This is a Taste of Home recipe that I found in my new Taste of Home cookbook, “Guilt Free Cooking 356 home-style recipes for healthier living”. I doubled the recipe but I could have probably tripled it and had a good amount of leftovers for lunch tomorrow.
1 pound boneless skinless chicken breasts, cut into cubes (I used 2 cans of Costco chicken)
1 small onion, chopped (I used 1 medium)
1 3/4 cups reduced sodium chicken broth (I used 2 cans)
1 (4 oz) can chopped green chilies (I used 1 can because I was worried that it would be too spicey but I could have used 2 and it would have been just fine)
1/2 teaspoon garlic powder (I pressed 2 cloves of garlic in)
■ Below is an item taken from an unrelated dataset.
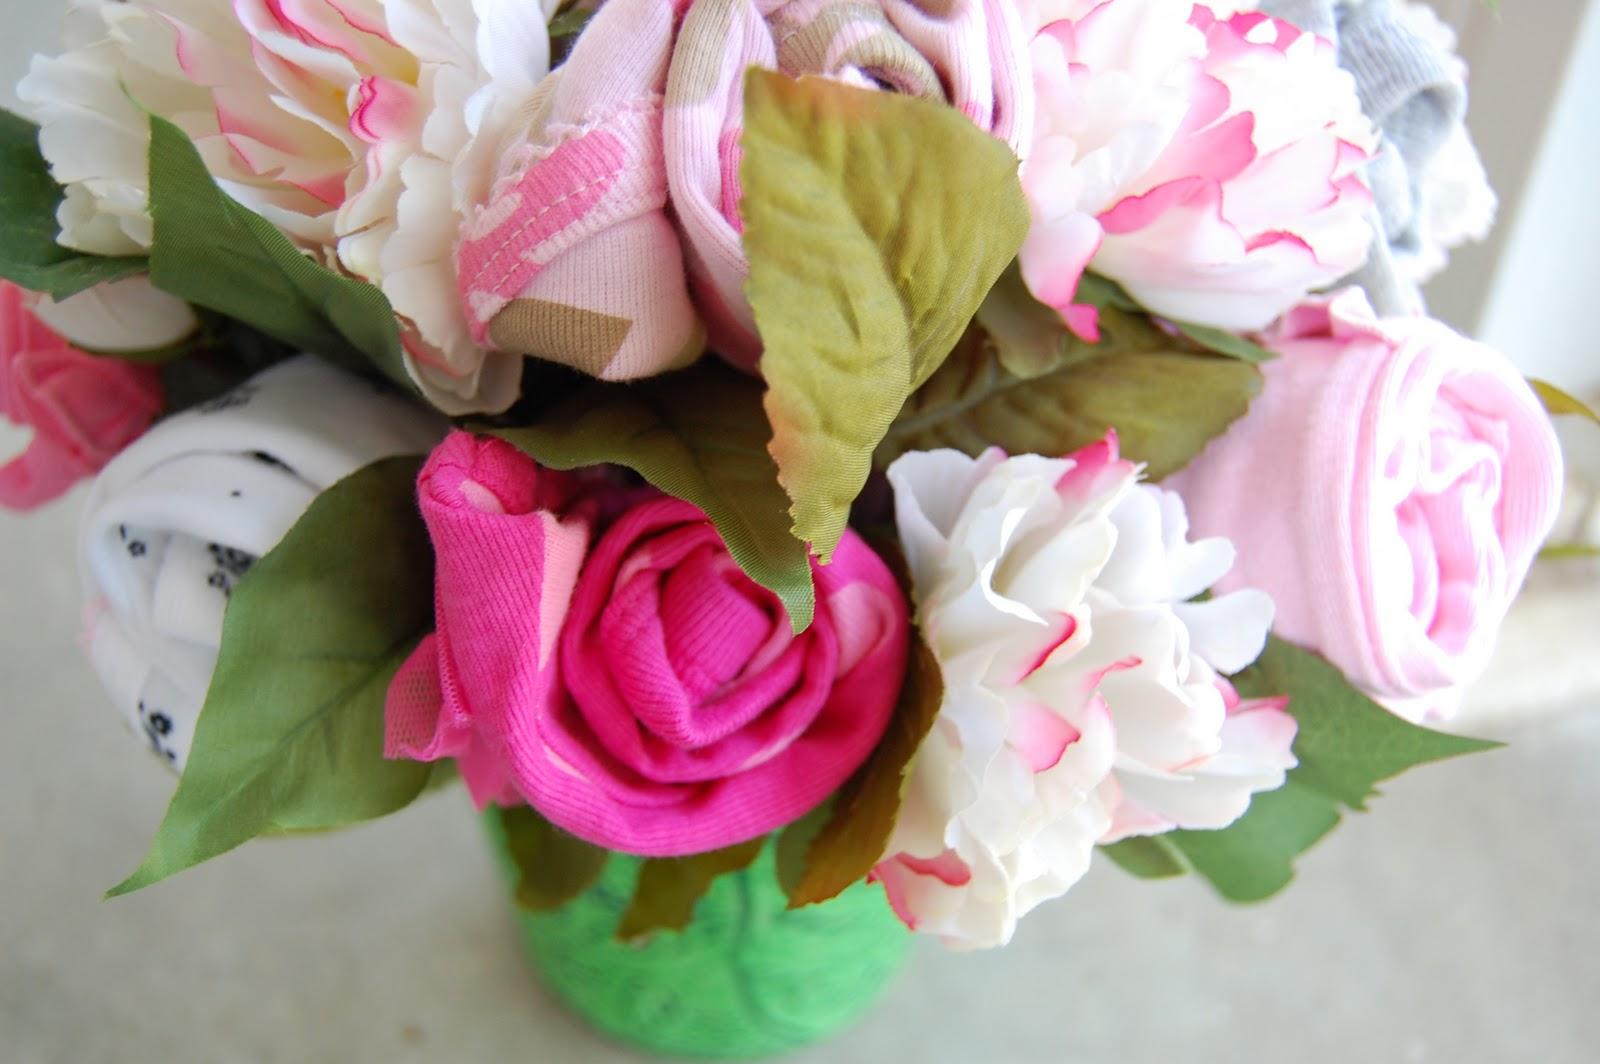 Prettysweet baby shower onesie bouquets baby shower onesie bouquets izmirmasajfo
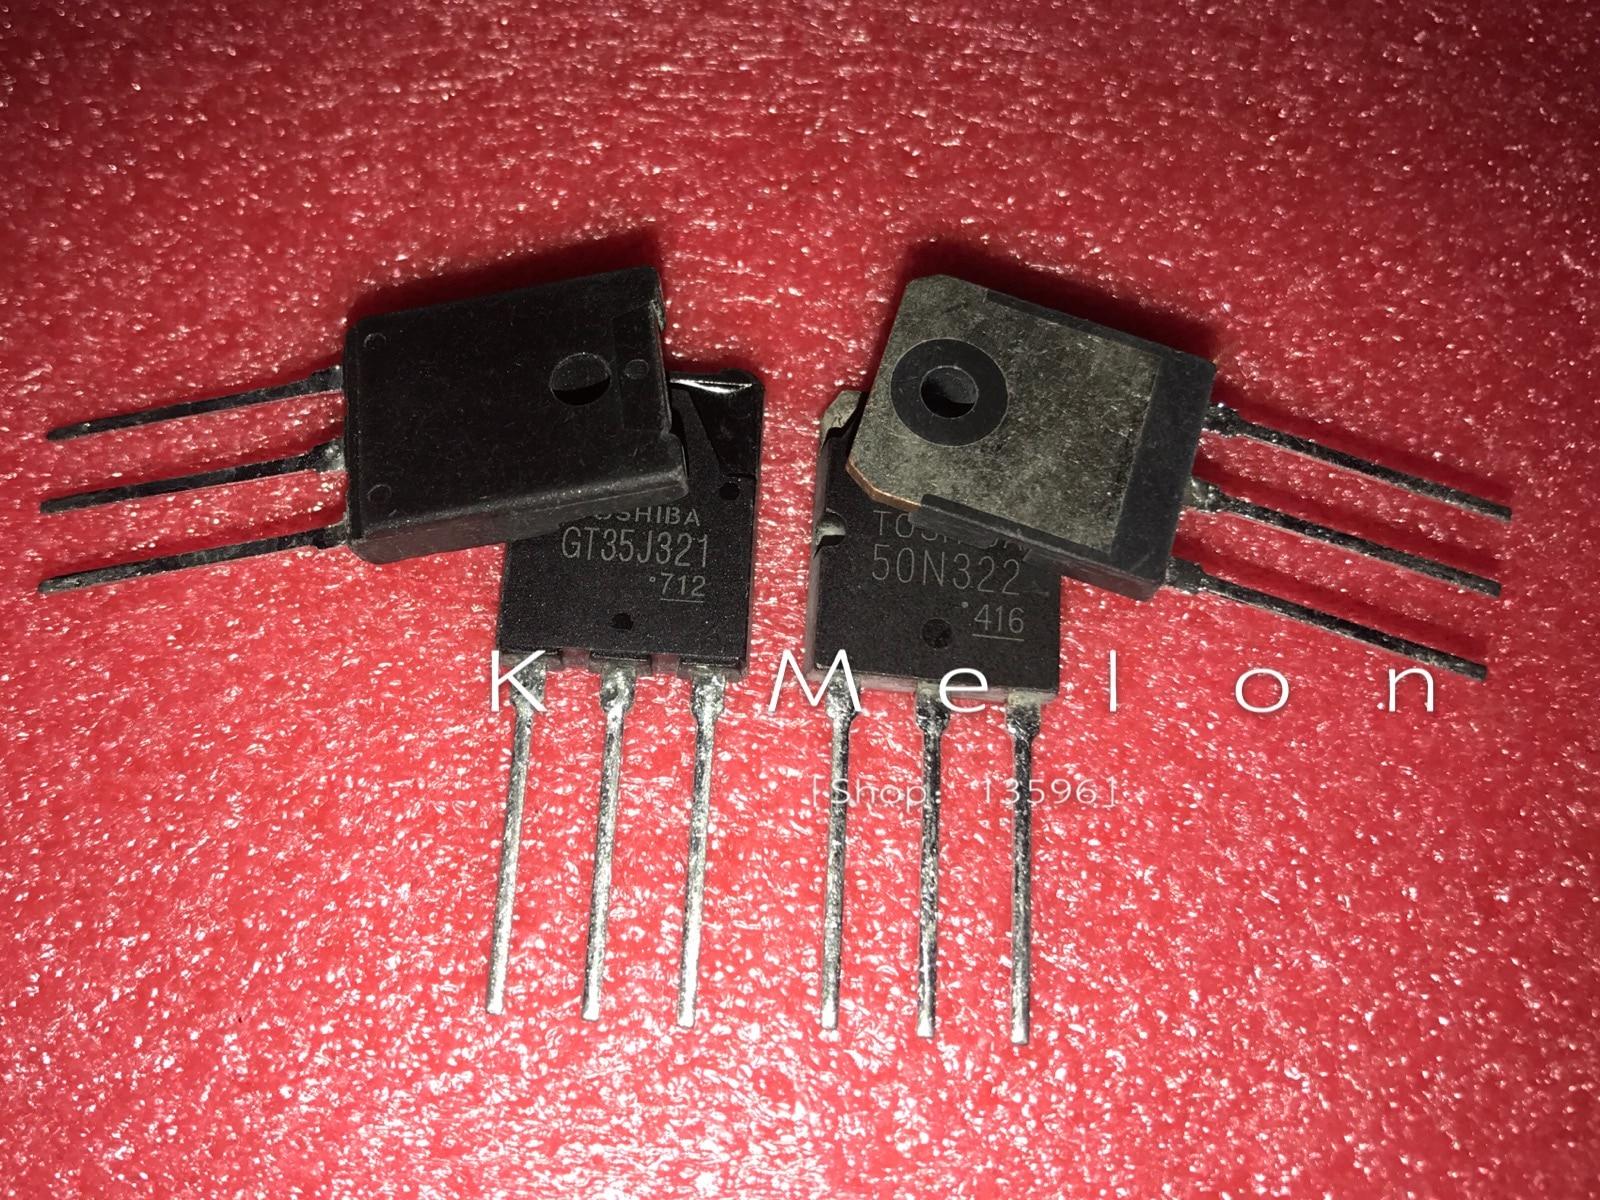 Nuevo GT35J321 35J321 TO-3PF + GT50N322 50N322 TO-3P

1/2 teaspoon dried oregano (I used 1 teaspoon)
1/2 teaspoon minced fresh cilantro (left this out, don’t tell Bob!)
1/8 – 1/4 teaspoon cayenne pepper (left this out too)
1 (15 oz) can white kidney or cannellini beans, drained and rinsed (I used 2 cans)
baked tortilla chips, optional
1 In a saucepan, coated with cooking spray, saute chicken and onion until juices run clear, drain if desired. Stir in broth, chilies, garlic, oregano, cilantro and cayenne. Bring to a boil. Reduce heat, simmer, uncovered, for 30 minutes.
2 Stir in beans and cook for 10 minutes longer. Serve over tortilla chips if desired.
(Or you can put all ingredients into a crock pot like I did and cook about 5 hours on high.)